UniColor: A Unified Framework for Multi-Modal Colorization with Transformer

Zhitong Huang\(^{1*}\), Nanxuan Zhao\(^{2*}\) , Jing Liao\(^{1 \dagger}\)

\(^1\): City University of Hong Kong, Hong Kong SAR, China   \(^2\): University of Bath, Bath, United Kingdom
\(^*\) : Both authors contributed equally to this research    \(^\dagger\) : Corresponding author

Paper (LowRes version) | Code | Supplementary

Video


Abstract

We propose the first unified framework UniColor to support colorization in multiple modalities, including both unconditional and conditional ones, such as stroke, exemplar, text, and even a mix of them. Rather than learning a separate model for each type of condition, we introduce a two-stage colorization framework for incorporating various conditions into a single model. In the first stage, multi-modal conditions are converted into a common representation of hint points. Particularly, we propose a novel CLIP-based method to convert the text to hint points. In the second stage, we propose a Transformer-based network composed of Chroma-VQGAN and Hybrid-Transformer to generate diverse and high-quality colorization results conditioned on hint points. Both qualitative and quantitative comparisons demonstrate that our method outperforms state-of-the-art methods in every control modality and further enables multi-modal colorization that was not feasible before.
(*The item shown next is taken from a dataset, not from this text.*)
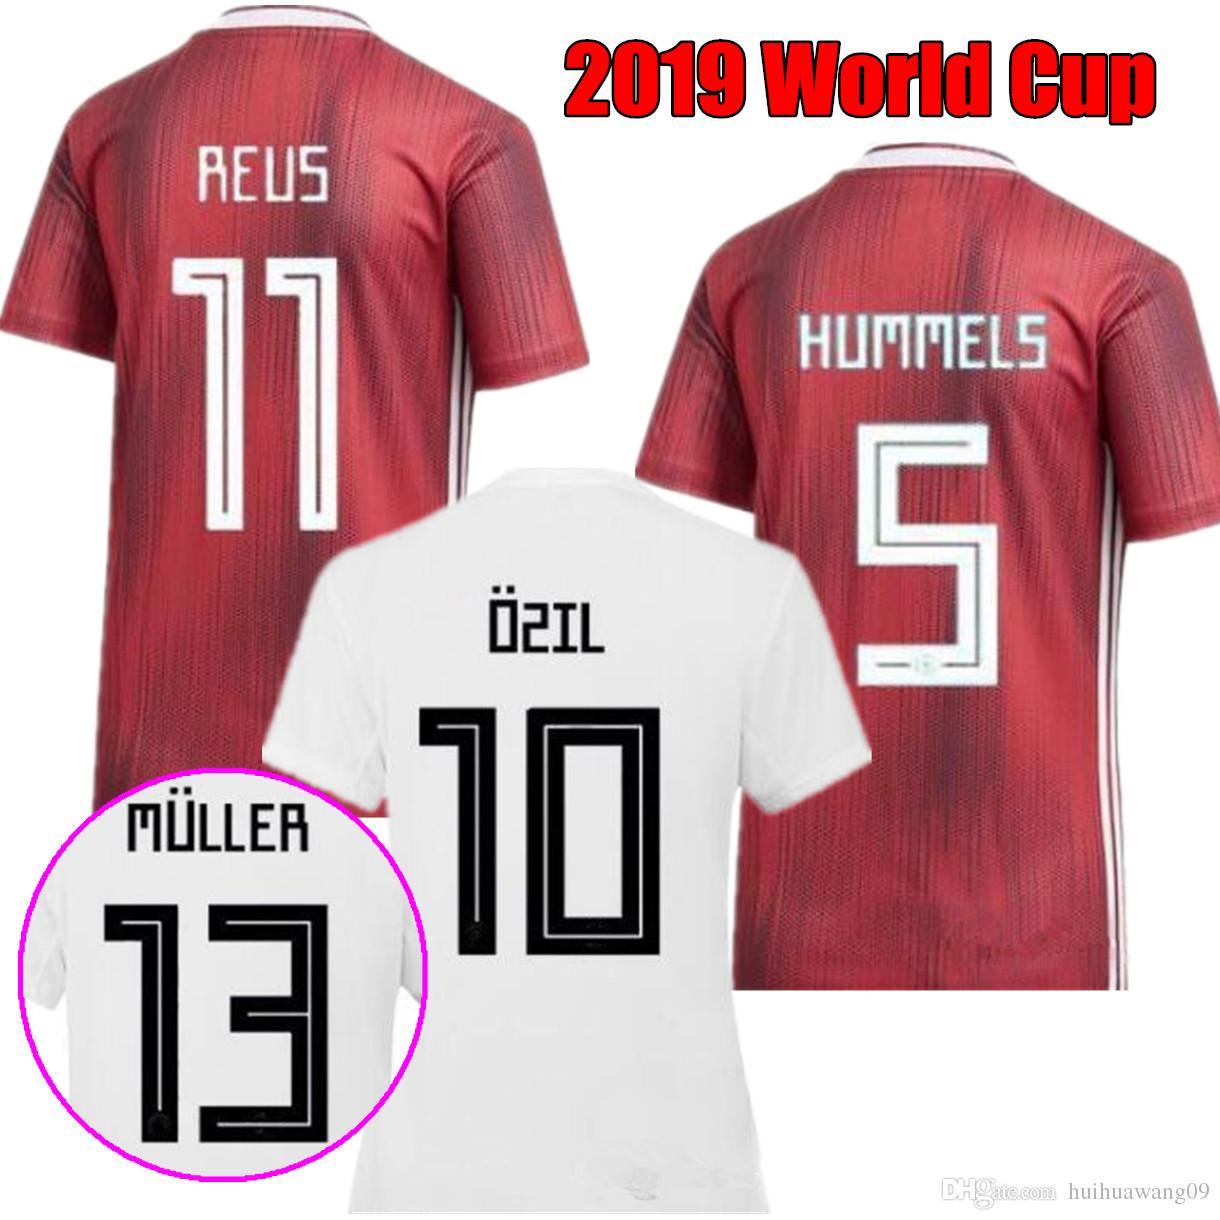 76efe55b760 World Cup 2019 Women Germany Home Away Soccer Jersey DALLMANN POPP ...

Moreover, we design an interactive interface showing the effectiveness of our unified framework in practical usage, including automatic colorization, hybrid-control colorization, local recolorization, and iterative color editing.

Methods

Two-Stage Method

Our framework consists of two stages. In the first stage, all different conditions (stroke, exemplar, and text) are converted to a common form of hint points. In the second stage, diverse results are generated automatically either from scratch or based on the condition of hint points.
Network Architecture

Architecture of diverse unified colorization network. The network consists of two sub-nets: (a) a Chroma-VQGAN to disentangle and quantize chroma representation from the continuous gray one, and (b) a Hybrid-Transformer to generate diverse colorization results from unified conditions and continuous gray features.

Results

Unconditional

Comparison with unconditional colorization methods: InstColor [Su et al . 2020], ChromaGAN [Vitoria et al . 2020], and Coltran [Kumar et al. 2021]. Our model can generate diverse results for each of the input grayscale images.
Stroke-Based

Comparison with the stroke-based method (User-guided [Zhang et al. 2017]).
Exemplar-Based

Comparison with exemplar-based methods (Deep Exp. [He et al. 2018] and Exp. Video [Zhang et al . 2019]). The reference images are shown in the right-bottom corner of each input grayscale image.
Text-Based

Comparison with the text-based colorization method Learn-Color-Lang [Manjunatha et al. 2018]. We show the comparison in the first group, and our diverse results in the second group.

Application

Hybrid Control

Colorization on legacy old photos with hybrid controls. In each row, we first show the input grayscale photo, followed by four design cases under different hybrid conditions. We indicate stroke-based conditions with blue boundaries, exemplar-based conditions with green boundaries, and text-based conditions with orange boundaries.
Recolorization

Our framework also supports recolorization. For each design case, in the middle column, we show the selected region in the upper row, and the input condition in the lower row.
Iterative Editing

Iterative editing on legacy old photos. Users can adjust the color based on various conditions iteratively.